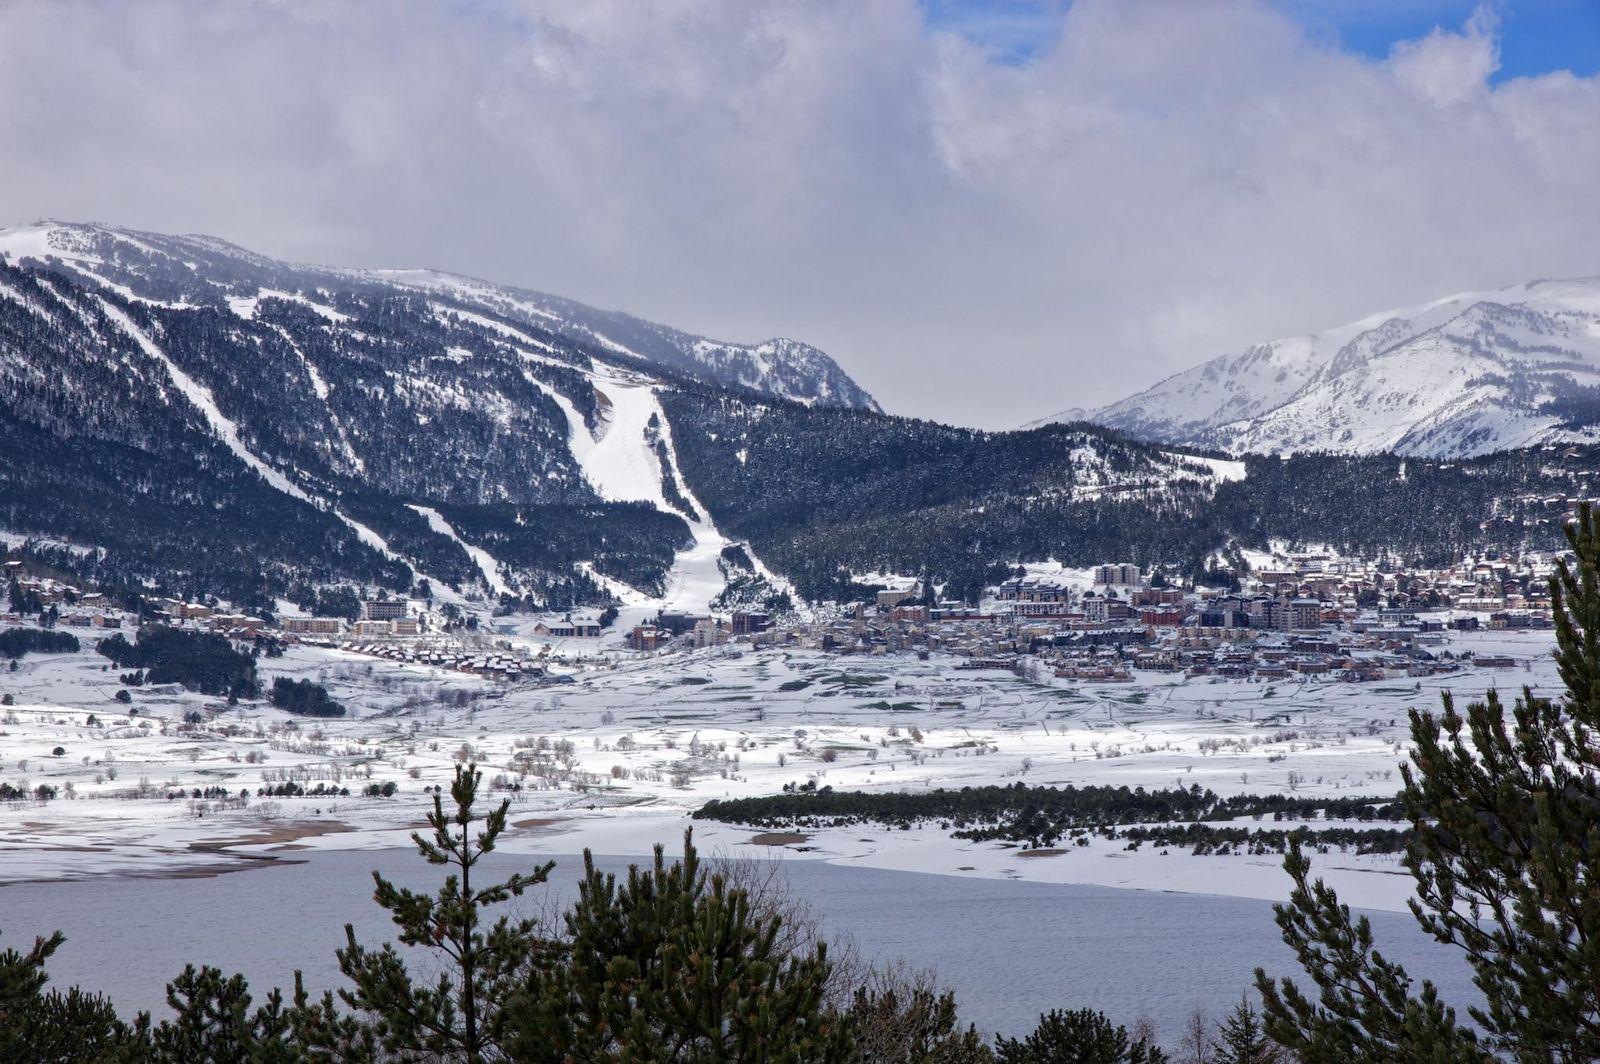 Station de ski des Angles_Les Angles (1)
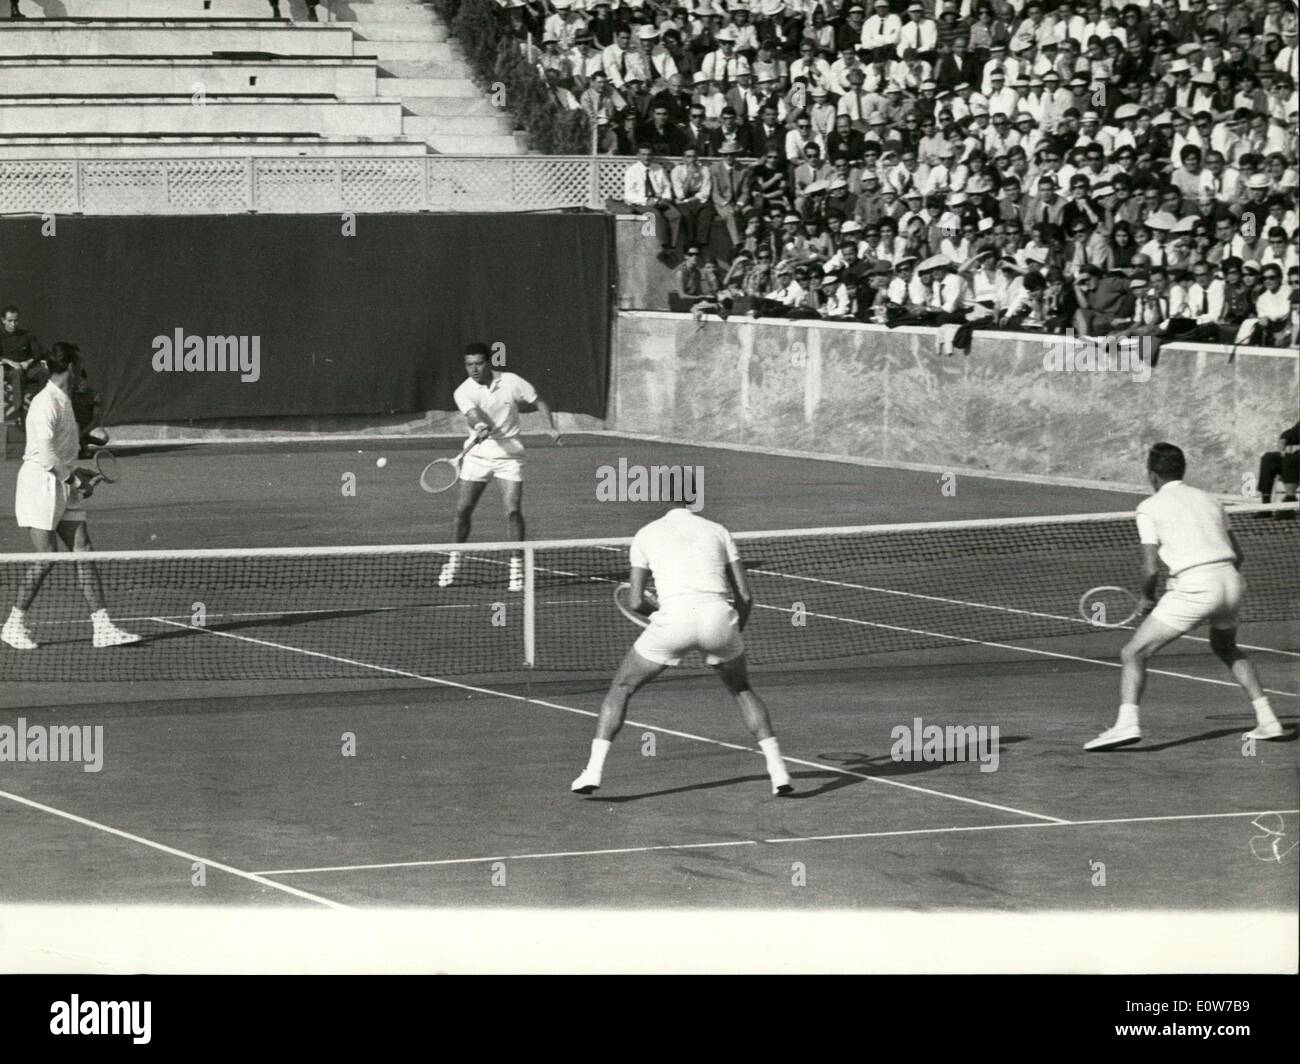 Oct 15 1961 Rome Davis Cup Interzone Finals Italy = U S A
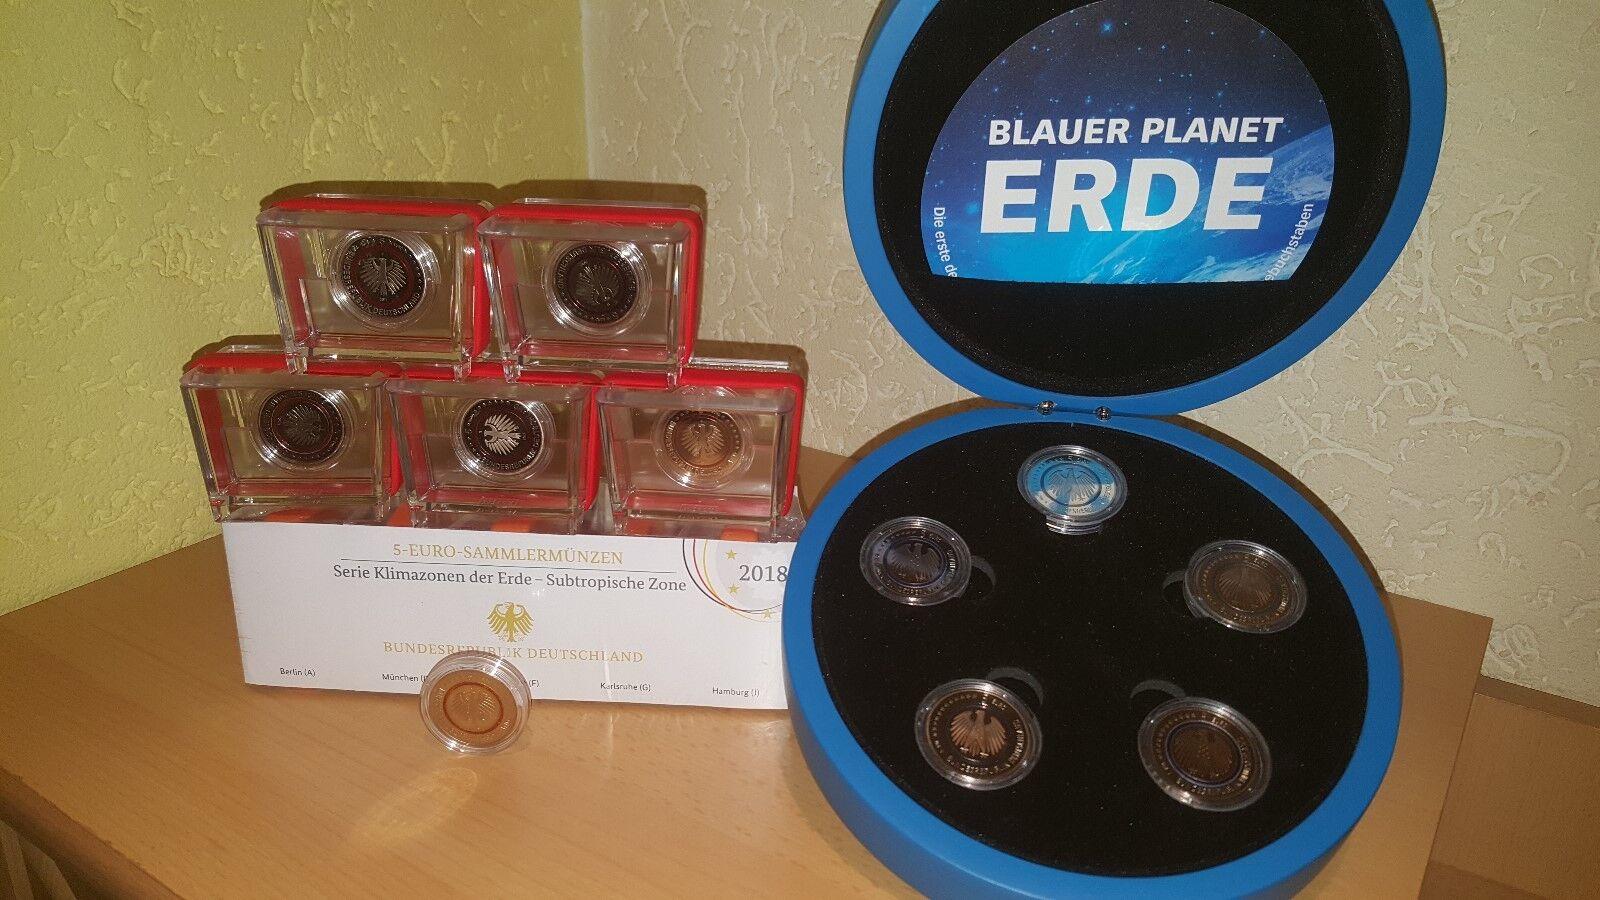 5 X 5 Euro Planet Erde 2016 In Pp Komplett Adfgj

* TASK DIRECTIONS
Leave the pictures out and restate the listing word for word.

* EXERCISE OUTPUT
 Station de ski des Angles_Les Angles (1)
 Oct 15 1961 Rome Davis Cup Interzone Finals Italy = U S A
 5 X 5 Euro Planet Erde 2016 In Pp Komplett Adfgj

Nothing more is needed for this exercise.